Reverend Dr. Cecil "Chip" L. Murray was recruited to join FAME by Bishop H.H. Brookins in 1977. He had previously served at Trinity A.M.E. in Kansas City from 1966 to 1971 and at the First African Methodist Episcopal (FAME) Church in Seattle. Under Murray, the congregation grew from several hundred members in 1977, to roughly 18,000.


Today, First AME Church continues to be a vital part of the Los Angeles community. The church is led by Reverend J. Edgar Boyd, who has been the pastor since 1999. Reverend Boyd is a respected leader in the African American community and a strong advocate for social justice and equality. Under his leadership, the church has continued to be a center for community organizing and activism, and it has expanded its outreach programs to provide support and resources to those in need.

“Our motto is first to serve, and we are proud to continue Biddy Mason’s vision and legacy” --Pastor J. Edgar Boyd

As First AME Church celebrates its 150th anniversary, it is important to remember the legacy of the church's leaders who have helped shape its mission and vision over the years. From Bishop Richard Allen to Reverend J. Edgar Boyd, the church has been blessed with visionary leaders who have dedicated their lives to the service of others. May their legacy continue to inspire us all to work for a more just and equitable world.

The FAME mural is a montage of moving events, a kaleidoscope of colors, taking the viewer through a visual calendar of events. The perspective of the painting draws the viewer’s attention into the mural.
The FAME mural is a montage of moving events, a kaleidoscope of colors, taking the viewer through a visual calendar of events. The perspective of the painting draws the viewer’s attention into the mural.

The famous FAME mural symbolizes the many firsts of the A.M.E. Church:


(1) The first black church to own a piece of real estate in America. (In 1793 it purchased the land at Sixth and Lombard in Philadelphia, on which it later erected a church, Mother Bethel).

(2) The Church published the world’s oldest black religious weekly, the Christian Recorder, 1841.

(3) The Church was the first black institution to promote finance, and to administer a program of higher learning: Bishop Daniel A. Payne purchased Wilberforce University in 1863. Ten other centers of higher education followed in its wake, as well as the nation’s oldest black hospital.

(4) The Church was the first black institution to go to Africa to help other blacks. Its missionary outreach started over 150 years ago.

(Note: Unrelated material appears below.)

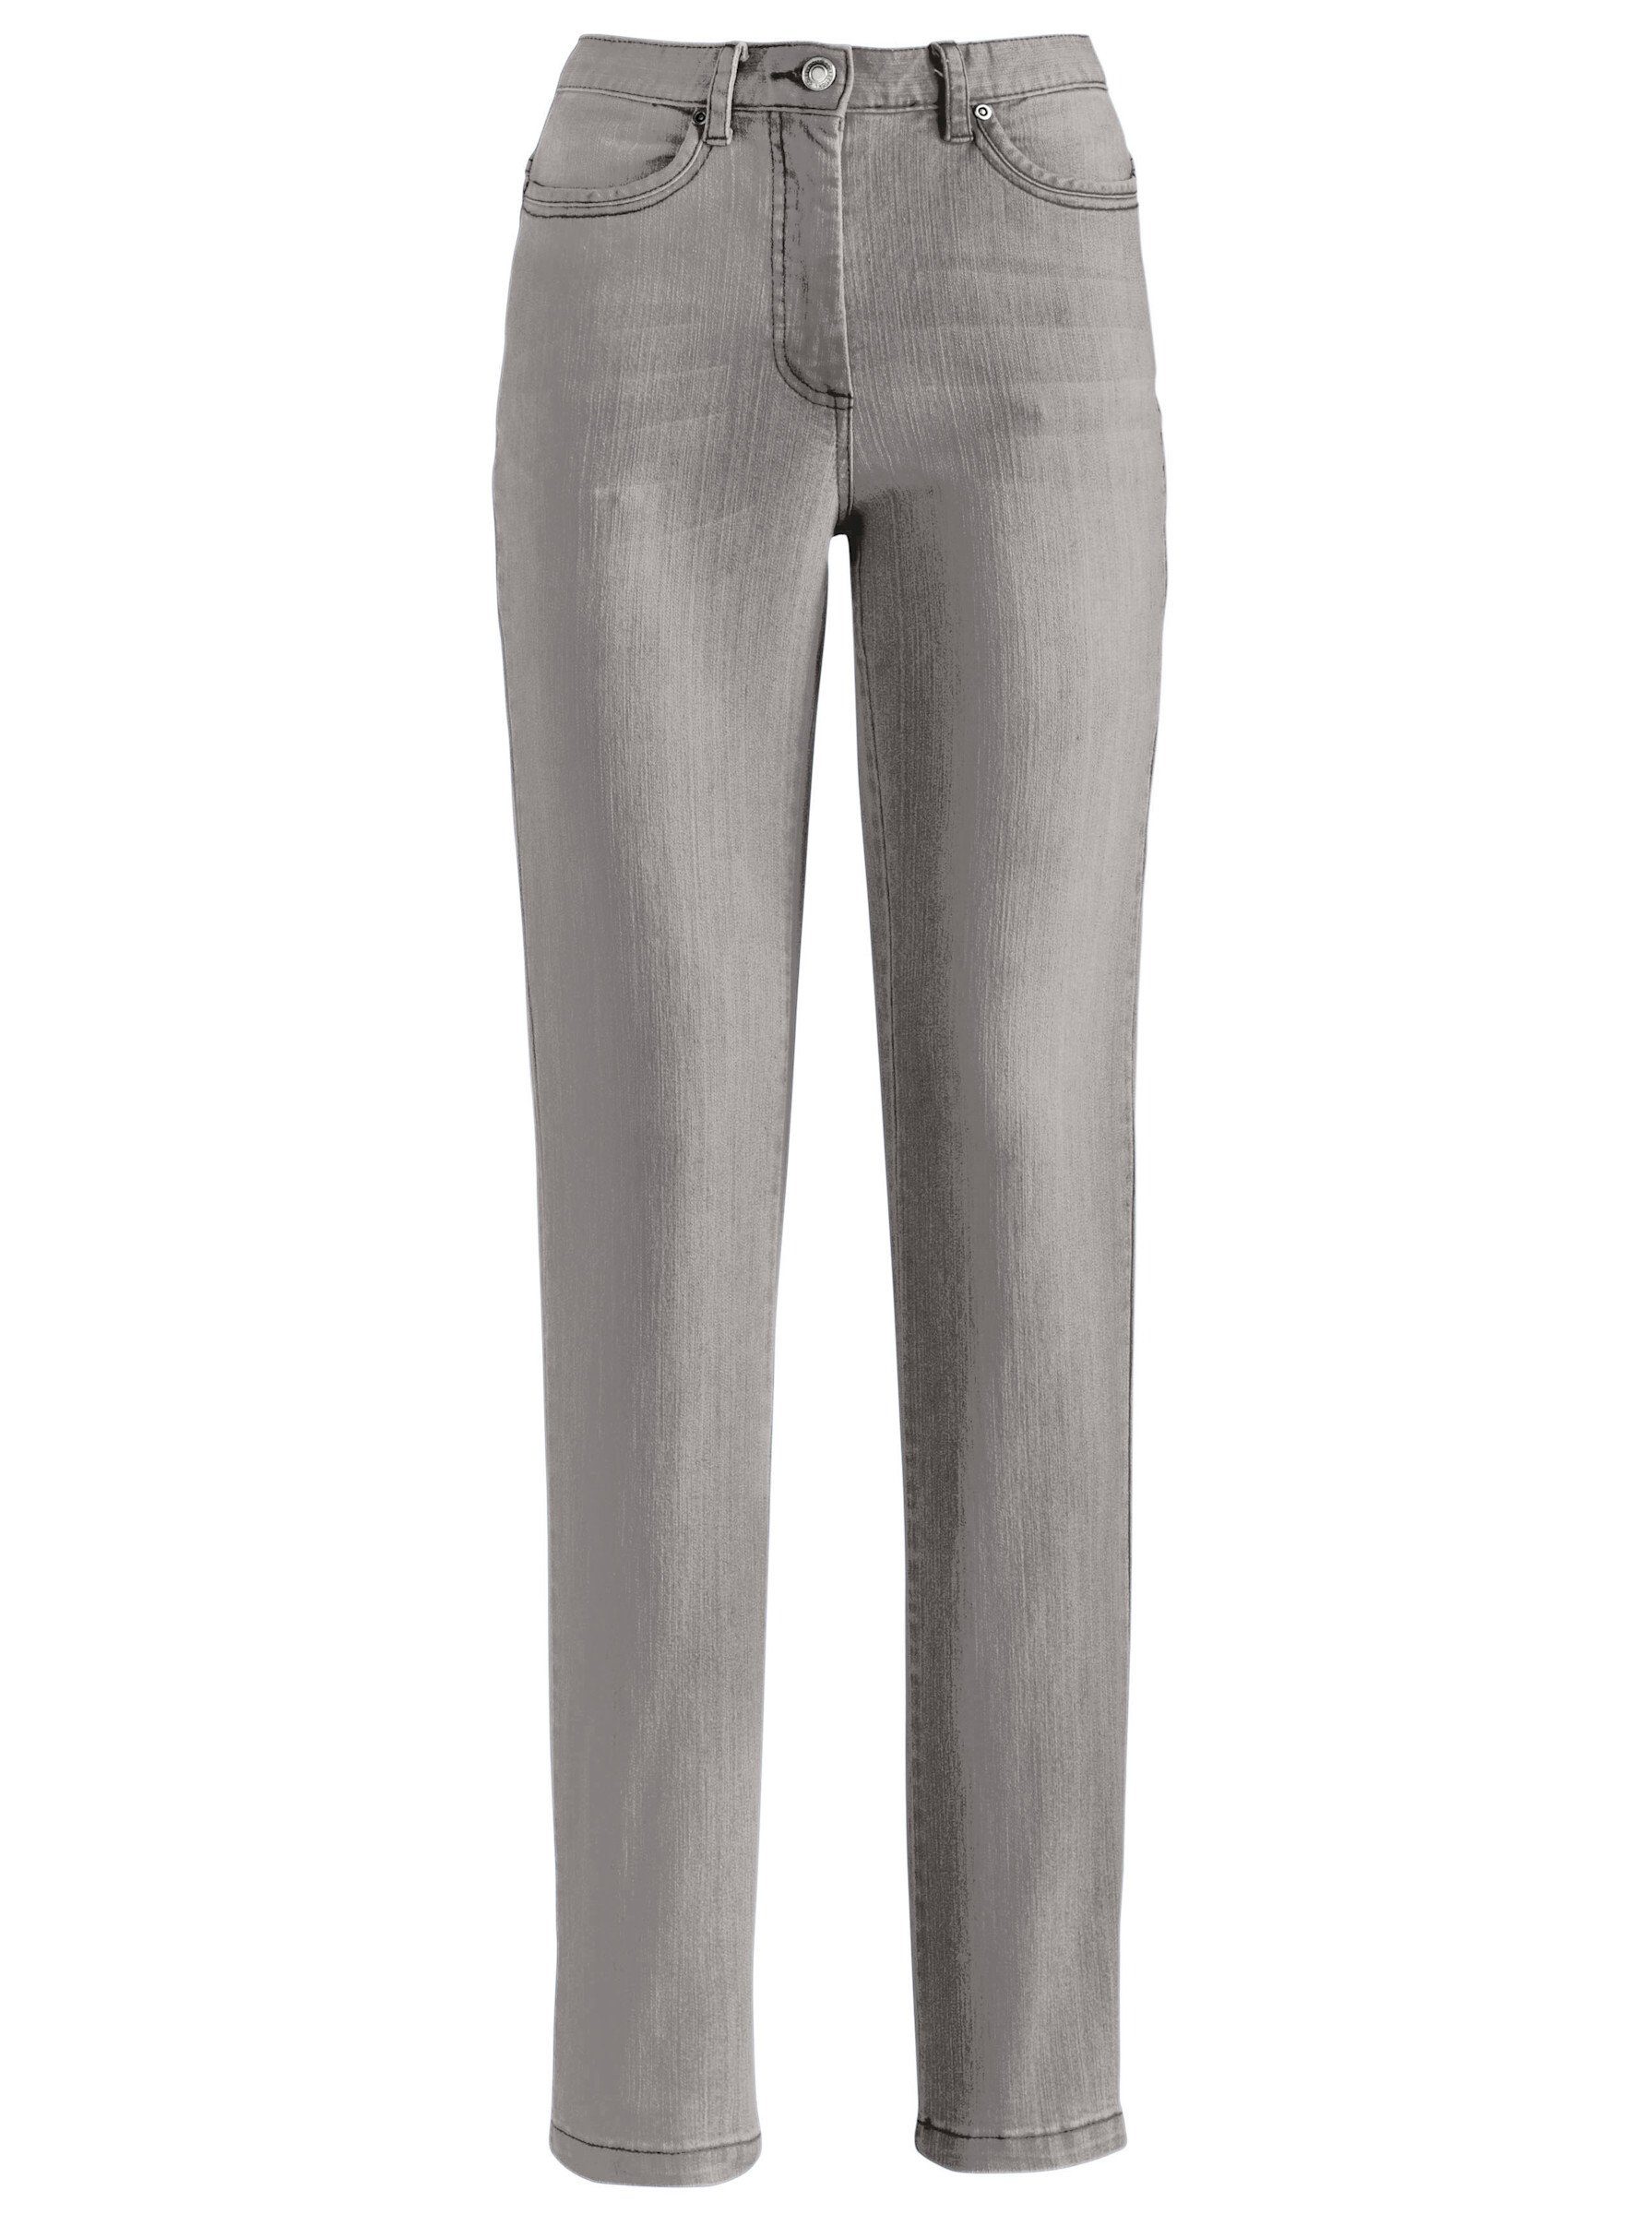 WITT Jeans grey-denim Bequeme WEIDEN
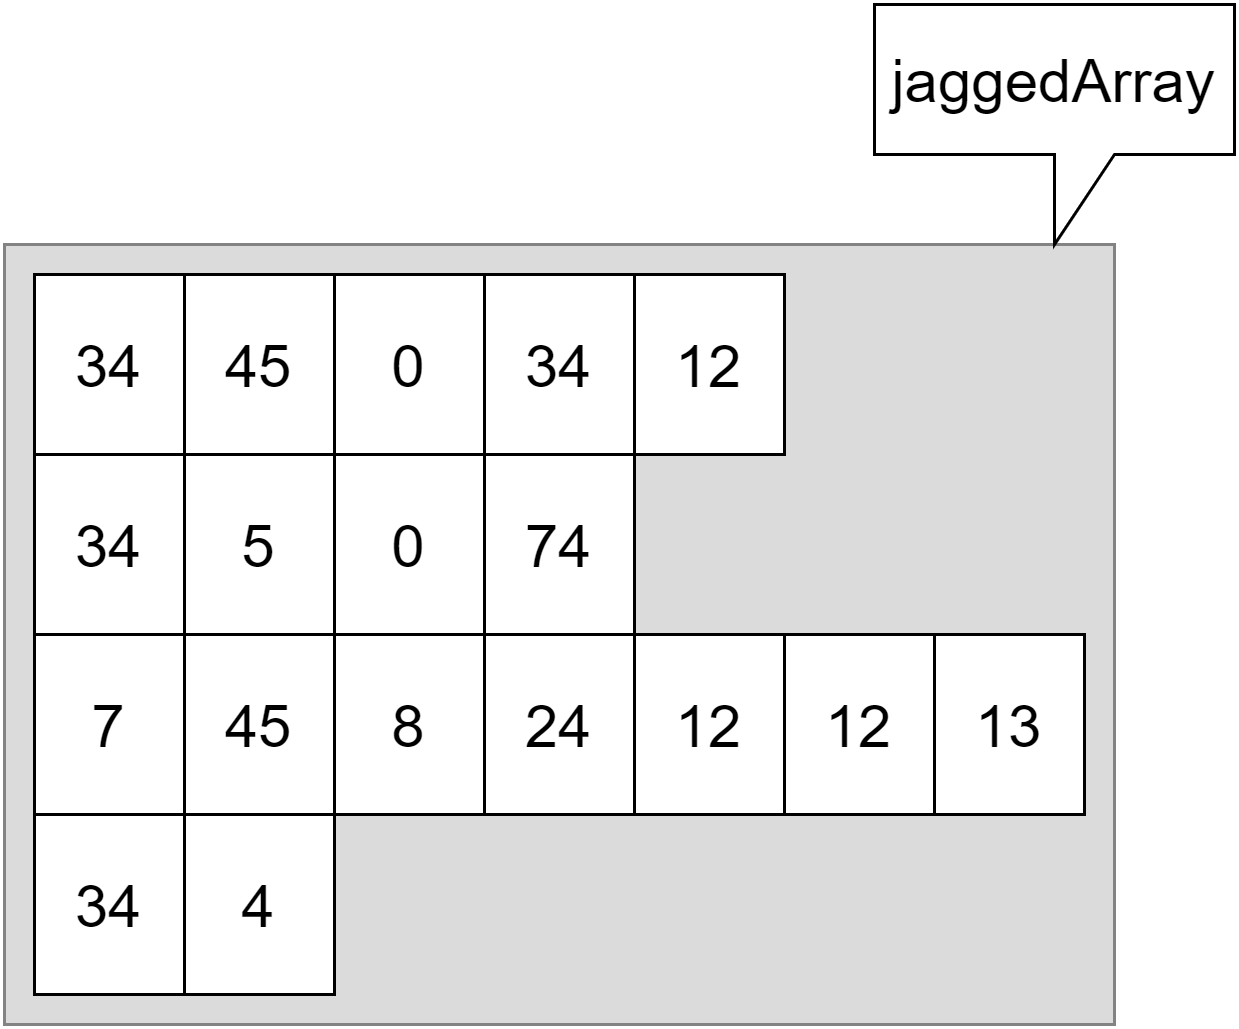 Voorbeeld van een jagged array.

(5) The A.M.E. Church was the first to enter the publishing business: The A.M.E. Discipline (1817), and the A.M.E. Hymnal (1818).

(6) The first black chaplain was Rev. H.M. Turner.

(7) The first elected black president of Howard University was Rev. J.A. Gregg, who chose instead to become a bishop. As such he was the first black leader selected by the United States to make inspection trips to war areas.

(8) Bishop P.R. Wright Jr. published and edited the largest book ever compiled exclusively by black people.

(9) William T. Vernon served as Registrar of the U.S. Treasury under the administration of President Theodore Roosevelt. He signed certain paper currency, of the nation. He later became a bishop in the A.M.E. Church.

(10) William H. Heard was the Minister to Liberia, and a member of the South Carolina legislature from 1880-1882. He later became a bishop.

(11) Bishop S.L. Greene was the first to sign the documents bringing into being the National Council of Churches, the most important movement in protestant cooperation the world had ever known, November 28, 1950, Cleveland, Ohio.

(12) R. H. Cain, Senator from South Carolina, 1877-79, was a preacher in the A.M.E. Church; President of Paul Quinn College, Waco, Texas; elected a bishop from South Carolina.

(13) Frederick Douglass, the great abolitionist, attended Metropolitan A.M.E. Church in Washington, D.C. He gave the two candlesticks that now stand on the pulpit of the great church.

(14) The first black United States senator was an A.M.E. minister, Rev. Hiram Revels of Mississippi.